From the outside, it seems successful. He has solid revenues and marquee clients. 

But if you look closely, the business is actually crumbling beneath him. 

Because its core fundamental - the "delta" between what competitive pressures allow him to charge his customers and his fixed and variable costs - especially the cost of his W-2 employees - has been shrinking year after year.

Even more ominously, my CEO friend sees this squeeze only being tightened in the years to come by that merciless combination of high customer information plus low switching costs plus competitors willing and able to perform comparable work with lower cost structures and profit expectations and needs.

Now, let's be clear, entrepreneurs and executives get paid a lot to identify the root of a business problem, its solution, and then to persist, overcome, and win. 

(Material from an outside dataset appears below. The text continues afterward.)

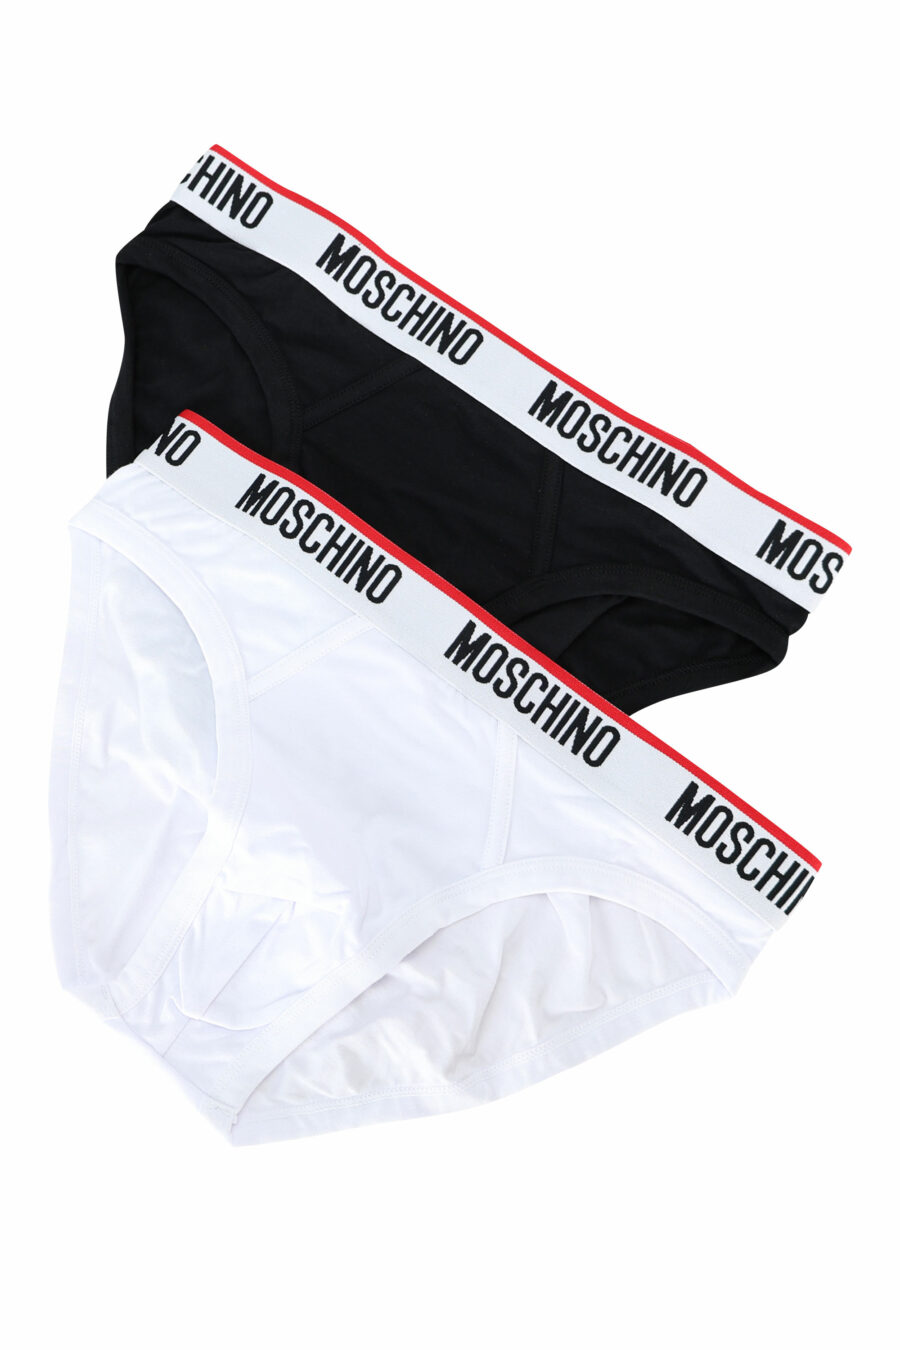 Moschino - Calzoncillos negros con logo en cinta en cintura - BLS

And to do so no matter which sacred cows might need to be gored in the process, whether those be an old brand identity, nice office space, long-time employees and of course the all time favorite "the way that things have always been done."  

Alas, my CEO friend, so ambitious, admirable, clear minded and strategically brilliant in so many ways... 

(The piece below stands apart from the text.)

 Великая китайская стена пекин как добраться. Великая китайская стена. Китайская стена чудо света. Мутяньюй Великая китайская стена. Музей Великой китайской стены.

...well he sees these swirls of dangerous marketplace and technological change all around him and intellectually understands what he must do yet he does nothing.

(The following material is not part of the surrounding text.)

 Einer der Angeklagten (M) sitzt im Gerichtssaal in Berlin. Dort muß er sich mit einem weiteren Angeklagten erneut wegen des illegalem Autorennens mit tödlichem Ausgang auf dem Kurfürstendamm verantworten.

This is business stasis, and there's a strange but solid case to be made that, in spite of how much the speed of business has increased, that it is more of a problem today than ever before.

A first reason for it was outlined by economist Thomas Piketty in his seminal work, Capital In The 21st Century.

Pinketty's hypothesis was that the affluent now make most of their money not via labor - in the case of business owners, from their company's operating profits - but from their capital - i.e. their inheritances, stocks, bonds, real estate, and the like.

Thusly too many business owners, like my friend, want to see their businesses perform better, but don't need them to do so to maintain their comfortable lifestyles.

Combine this economic reality with a certain fatalism that nothing that could be done will make a real difference anyway in the face of the inexorable onslaught of technology and globalization and...

...a certain "deer-in-the-headlights" inertness and inaction that can overtake even the most dynamic and change-oriented among us.

Now, the above is all intellectually interesting, but does not make it excusable, defensible, or right.

Because just as we could not defend a businessperson who purposefully set bags full of $100 bills aflame, nor should a pass be given to those who sit idly by and watch otherwise promising and valuable businesses slowly crumble because of leadership inaction.

No, what these "inert" business owners and executives need is a big bucket of ice water poured over their heads and a firm slap in the face (or several!) to snap them out of it! 

And do what they should do - calmly assess the threats facing their businesses now, along with those inexorably rolling down the road. 

And get out of their way.   

And do something else.

While that "something else" might be different for every business, determining it for a particular business really isn't that hard.

It is usually as plain as day, and when it isn't a reasonably astute outsider - a hired consultant or a well-credentialed business friend - in a relatively short amount of Q&A, discussion and then competitive research, can easily surmise the needed business pivots. 

From there, it is then up to the owner/executive to do what is their sacred responsibility and charge to do.   

To drive change. 

The good news is that once the "change snowball" is set in motion, the additional energy needed to keep it rolling down the hill is normally not all that much. 

The key is to just get it going.  Today. Right now.  Without delay. 

Because waiting on inexorable fate is no way to live. 

Or run a business. 

Need to Overcome Stasis in Your Business? 

Feeling pricing and margin pressure coming at you from both sides and not sure what to do? 

Need a burst of change energy and ideas to get your business unstuck? 

If so, we should talk.  

Click here and complete this short questionnaire as to a few questions regarding your business' current status, and key goals now.  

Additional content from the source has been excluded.